I believe the reason is unequal shards distribution across the cluster. So the new shards are placed on the nodes, where there are fewer shards. How it's happened is another question :slight_smile: But I care of new indices only for now.

I have tried other cluster.routing.allocation and index.routing.allocation parameters with no success.

cluster.routing.allocation.balance.shard: 0.01
cluster.routing.allocation.balance.index: 0.01
cluster.routing.allocation.balance.threshold: 1000000

index.routing.allocation.total_shards_per_node: 1

Every time I create new index every primary shards allocated on nodeC5 and this is the reason of node overload. How to setup Elasticsearch to force single shard per node for new indices?

I'm stuck. Therefore, any help will be useful.


How much data do the different nodes hold? Are any of the nodes above the high watermark (85% of disk used) at which point no new shards are allocated to the nodes?

Thanks for the answer.

During the last two days shards has been rebalanced. So now the shards are equally distributed and allocated.

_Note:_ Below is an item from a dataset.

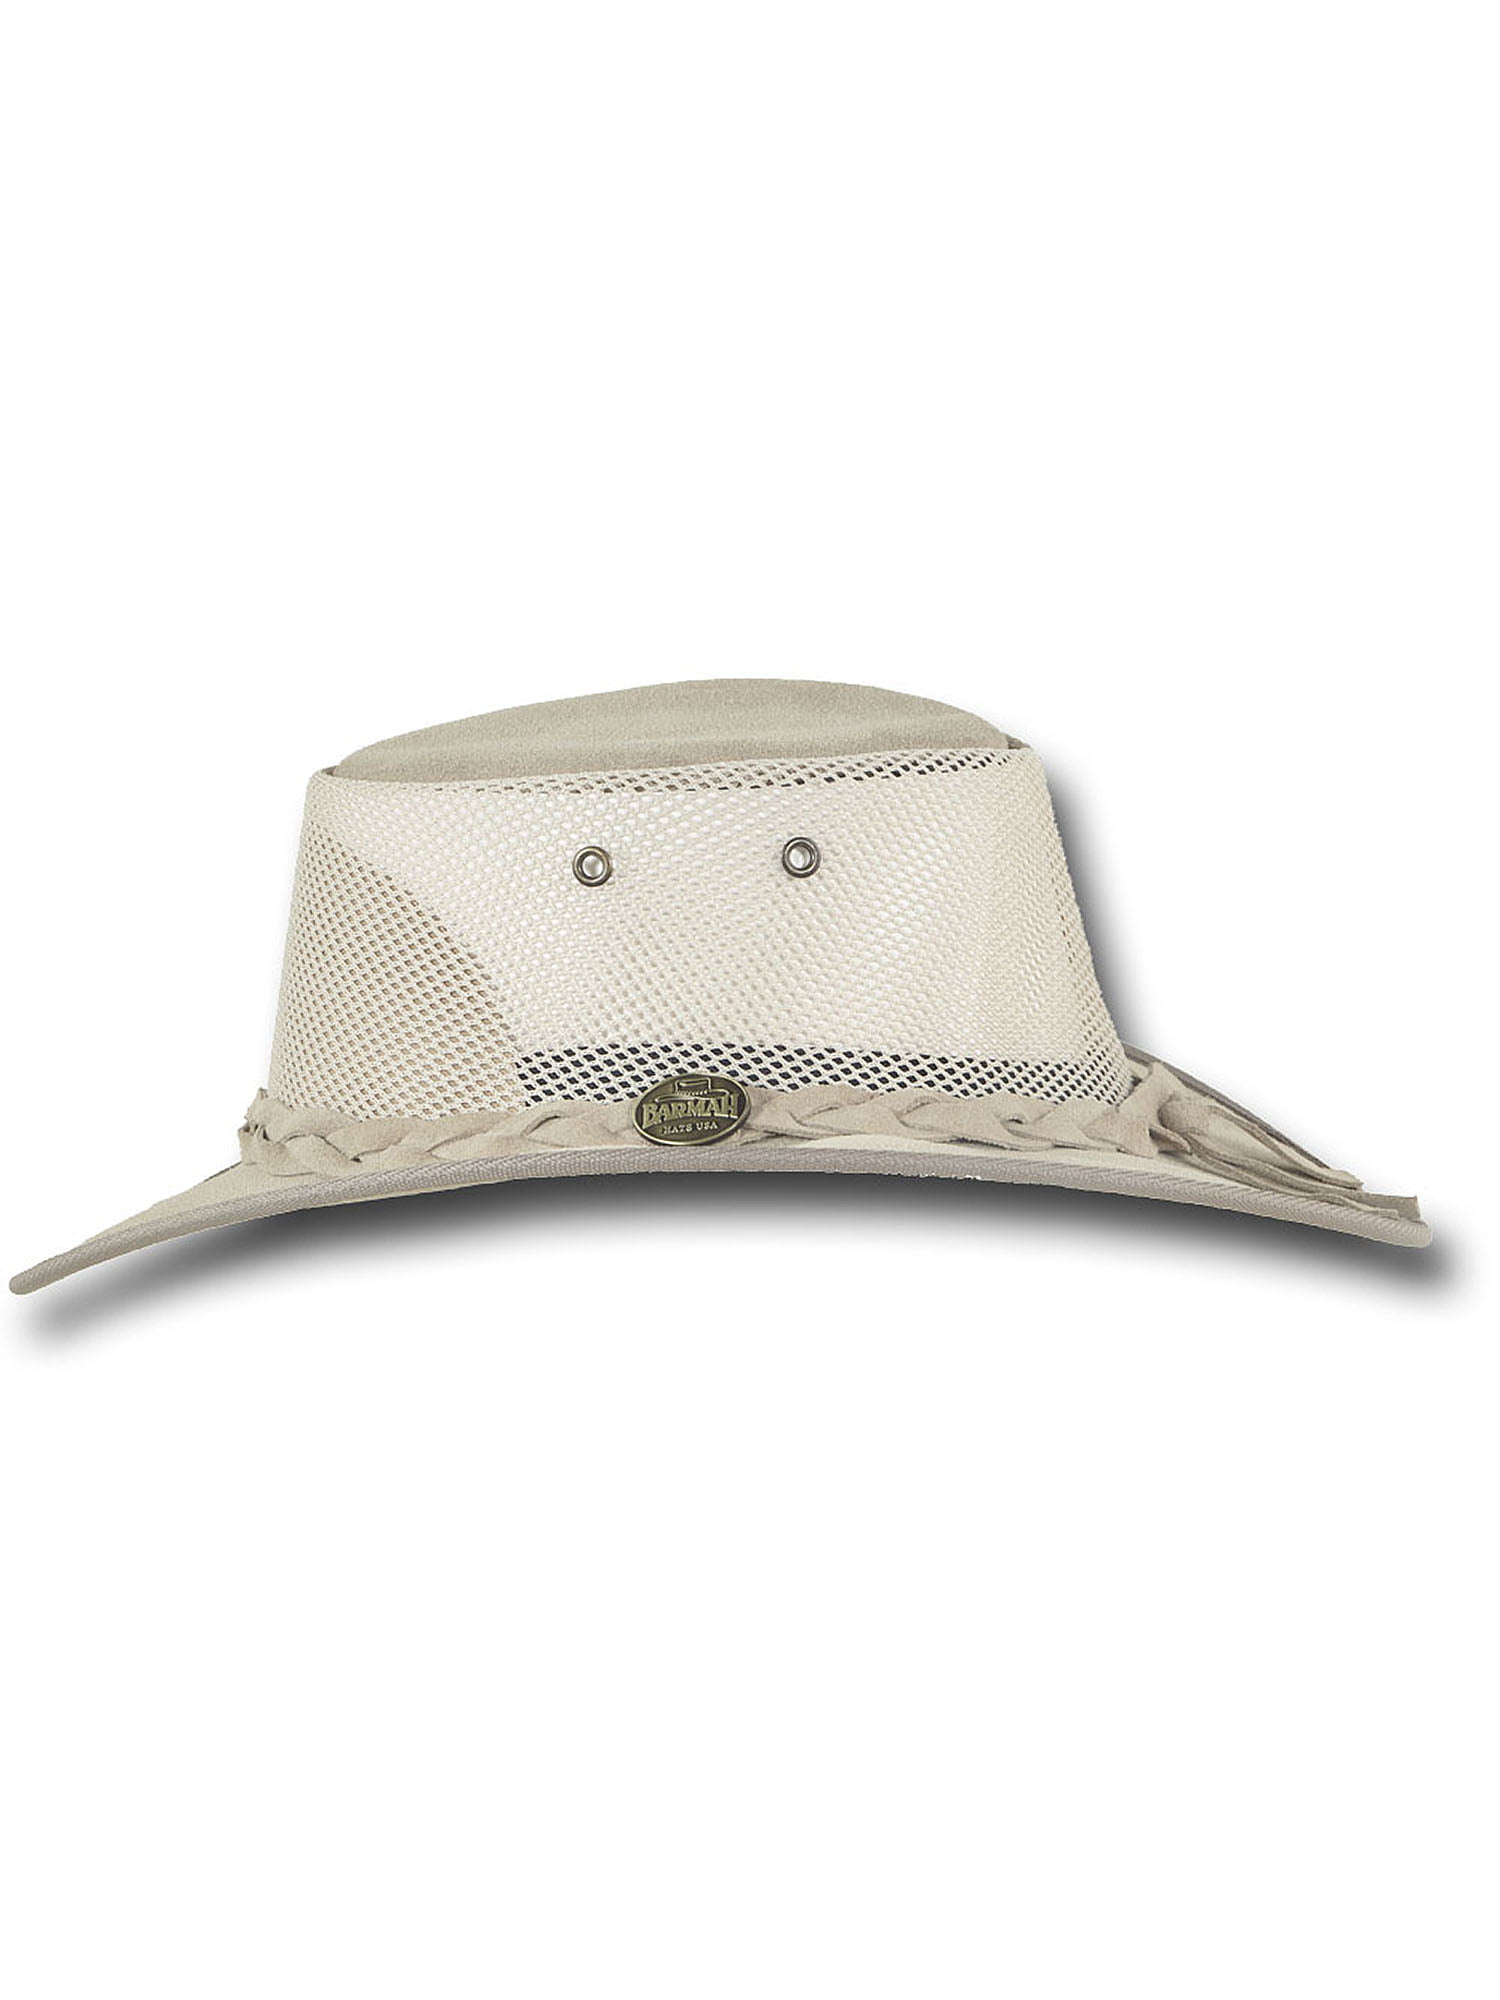 Item 1064 Barmah Hats Foldaway Cattle Suede Cooler Leather Hat

# curl http://localhost:9200/_cat/shards | awk '{print $NF}' | sort | uniq -c | sort -n
1000 nodeB1
1000 nodeB2
1000 nodeB3
1000 nodeB4
1000 nodeB5
1000 nodeB6
1000 nodeC1
1000 nodeC2
1000 nodeC3
1000 nodeC4
1000 nodeC5
1000 nodeC6
1000 nodeC6

# curl http://localhost:9200/_cat/aliases
graylog_deflector graylog_10969 - - -

# curl http://localhost:9200/_cat/shards/graylog_10969 
graylog_10969 5 p STARTED 5015229 13.2gb nodeD5 
graylog_10969 5 r STARTED 5015229 10.2gb nodeC3 
graylog_10969 2 p STARTED 5016737   15gb nodeB3 
graylog_10969 2 r STARTED 5016737 14.1gb nodeC1 
graylog_10969 3 p STARTED 5009453 10.2gb nodeC6 
graylog_10969 3 r STARTED 5009453 10.3gb nodeB6 
graylog_10969 1 p STARTED 5011520 13.5gb nodeB2 
graylog_10969 1 r STARTED 5011520 13.5gb nodeC4 
graylog_10969 4 p STARTED 5012780 13.2gb nodeB1 
graylog_10969 4 r STARTED 5012780  9.5gb nodeC2 
graylog_10969 0 r STARTED 5017040 13.9gb nodeB4 
graylog_10969 0 p STARTED 5017040  9.1gb nodeC5 

The maximum data size is less than 60% of the disk capacity.

Unfortunately this is not the first time I've seen the problem. I'll try to manually rebalance some of the shards to repeat the problem. Do you have any idea what else I should check?